The previously described radioanalytical methods could also be applied to monitor trace elements. Lapi et al. exposed animal models to a metal radioisotope to investigate the biological distribution of trace minerals [38]. They produced a positron-emitting manganese radionuclide (52Mn) from chromium via proton bombardment. Manganese is an essential micronutrient. However, the prolonged uptake of large amounts of manganese can cause neurotoxicity and lead to severe neurological pathology. Therefore, measuring trace quantities of manganese and determining its in vivo biodistribution are necessary to better understand its toxicity and wider biomedical relevance. Mn(II) has been utilized as a contrast agent for magnetic resonance imaging. An aqueous solution of [52Mn]MnCl2 was injected intravenously into mice in an in vivo study. In a separate experiment, animals in a closed chamber were exposed to aerosolized [52Mn]MnCl2. The ex vivo biodistribution of radioactivity indicated that 52Mn was distributed throughout the body, and high concentrations were observed in several internal organs, including the lungs, liver, kidneys, and thyroid gland. The results of both experiments confirmed that manganese crossed the blood–brain barrier. The quantitative measurement of Mn in living subjects can provide useful information about its toxicity, which can be used to compose informed safety guidelines for environmental and occupational manganese exposure.

3.2. Nanomaterial

In this section, we discuss the use of radioanalytical methods for in vivo assessments of nanomaterials. Rapid developments in nanotechnology over the past several decades have expanded the range of available nanomaterials. This expansion has been accompanied by growing concern about the potential health effects of these materials [51]. The number of applications for functional nanomaterials in the biomedical field has also increased, and some of them are useful for the diagnosis and treatment of disease [52]. However, the bioaccumulation, pharmacokinetics, and potential toxicity of a novel nanomaterial should be evaluated before it is mass-produced or approved for clinical use.

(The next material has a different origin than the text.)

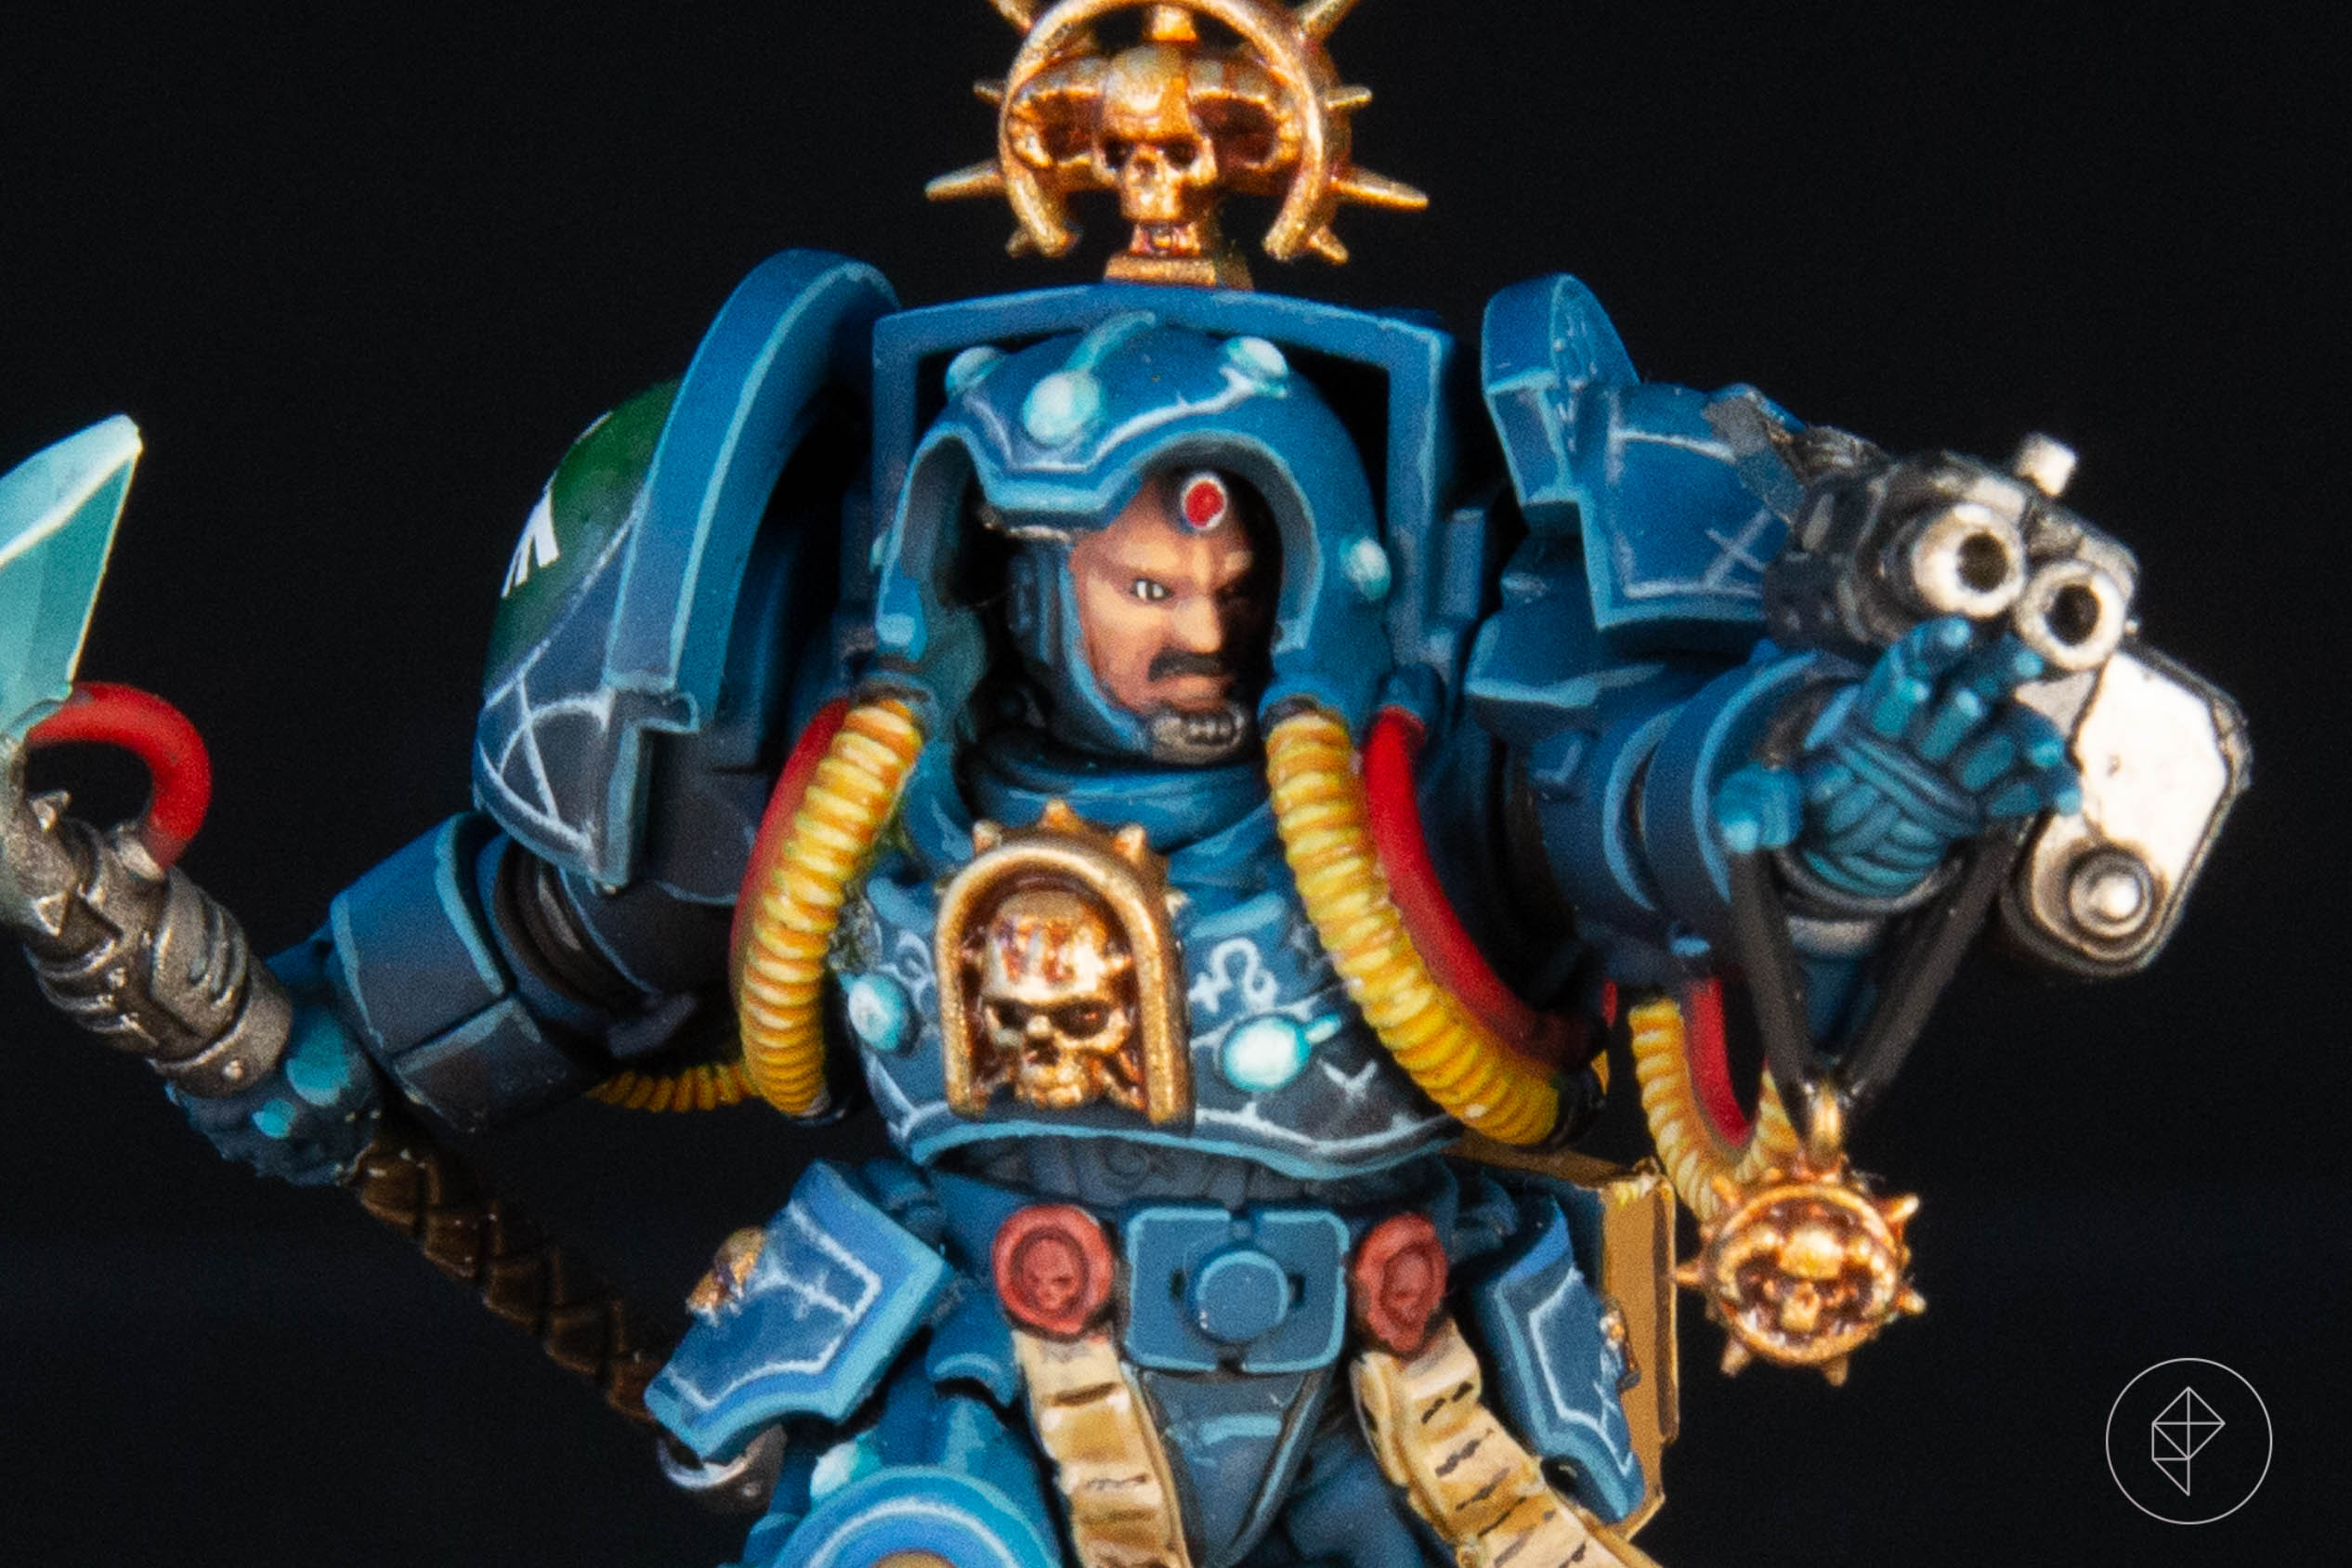 A Space Marine Terminator librarian, painted to a high level, stands ready to face a Tyranid. His armor is blue, and his hand is raised as if casting a spell.

The unique physical and chemical properties of two-dimensional graphene and graphene oxide-based nanocomposites have garnered significant attention from researchers in areas ranging from basic science to applied engineering [53]. These materials have been used to produce many different industrial chemicals for over a decade. Functionalized graphene and graphene oxide derivatives in particular have demonstrated potential for a variety of biomedical applications, including biosensing, molecular imaging, tissue engineering, and drug delivery [54]. It is essential to investigate the environmental safety of these materials before they are extensively employed for such applications. Several researchers have reported toxicity in animal models based on the biodistribution of graphene nanomaterials. Yang et al. were the first to report the long-term distribution of functionalized nanographene in vivo [39,55]. A nanographene sheet (NGS) modified with polyethylene glycol was radiolabeled with 125I using chloramine T as an oxidant. Radioactive iodine atoms were bound to the phenyl rings in graphene via electrophilic aromatic substitution. The radiolabeled product was injected intravenously, and its pharmacokinetics were investigated by determining its blood and organ distribution on day 1 and day 60, respectively. The results suggested that an NGS accumulated primarily in the liver (16% ID/g) and spleen (25% ID/g) within one hour of injection. It was then excreted via the gastrointestinal and urinary routes, although clearance was quite slow. An NGS had no obvious toxic effects on mice injected with a dose of 20 mg/kg for three months.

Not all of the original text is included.